Abstract

Many studies have demonstrated the different trends of disinfection by-products (DBPs) formation between chlorination and chloramination. However, the reactions between precursors and disinfectants are widely assumed to be “black box” and the reasons for abovementioned difference are not well illustrated. This study focused on source water with high levels of natural organic matter (NOM) and bromide, and compared the transformation of NOM specific characteristics and the ratios of specific DBPs as an equivalent of chlorine to total organic halogen (TOX) among three disinfection scenarios of chlorination, chloramination and chlorine–chloramine sequential treatment (Cl2–NH2Cl process). A three-reaction-phrases model was proposed thereafter to illustrate the major reactions involved in, i.e., stage-I: rapid consumption of fast reactive sites (DOC1), which transformed to slow reactive sites (DOC2) and measured DBPs, i.e., trihalomethanes, haloacetic acids, etc; stage-II: oxidation and/or halogenation of DOC2 into unknown TOX (UTOX) intermediates; stage-III: oxidation of UTOX intermediates into measured DBPs.

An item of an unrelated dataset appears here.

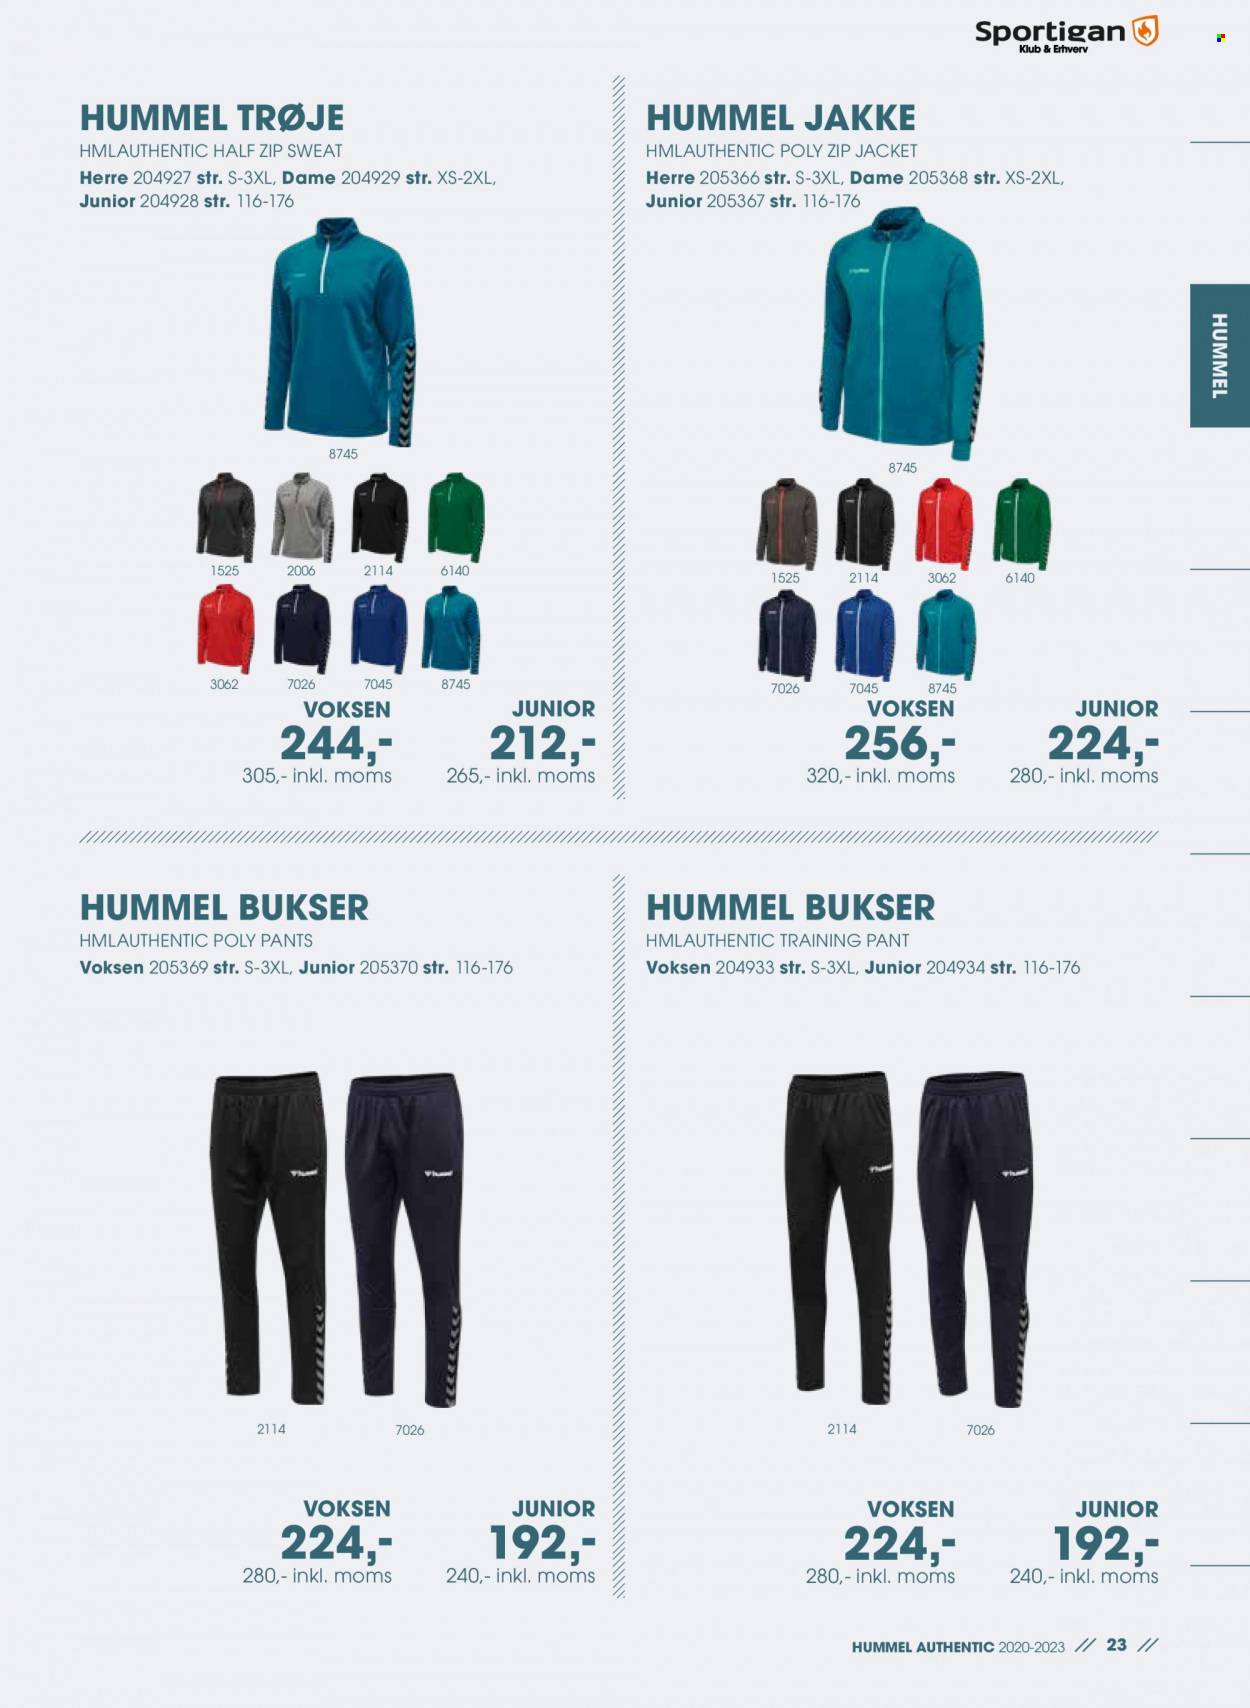 thumbnail - Sportigan tilbud  - tilbudsprodukter - Hummel, jakke, bukser, trøje. Side 23.

The effect of ammonia was also quantified. Ammonia is observed to inhibit the formation of measured DBPs by 68–92%, 94–99%, and 92–95% of that in chlorination in Stage-I, II, and III, respectively, and the formation of UTOX is reduced by 2–80%, 60–94%, and 82–93% accordingly. These effects lead to the steady accumulation of DBPs intermediates such as UTOX, and to the elevated UTOX/TOX during chloramination and Cl2–NH2Cl process thereafter. The results illustrate the mechanism of ammonia participating in DBPs formation, and are valuable to fill in the gap between the transformation of precursors and the formation of different DBPs.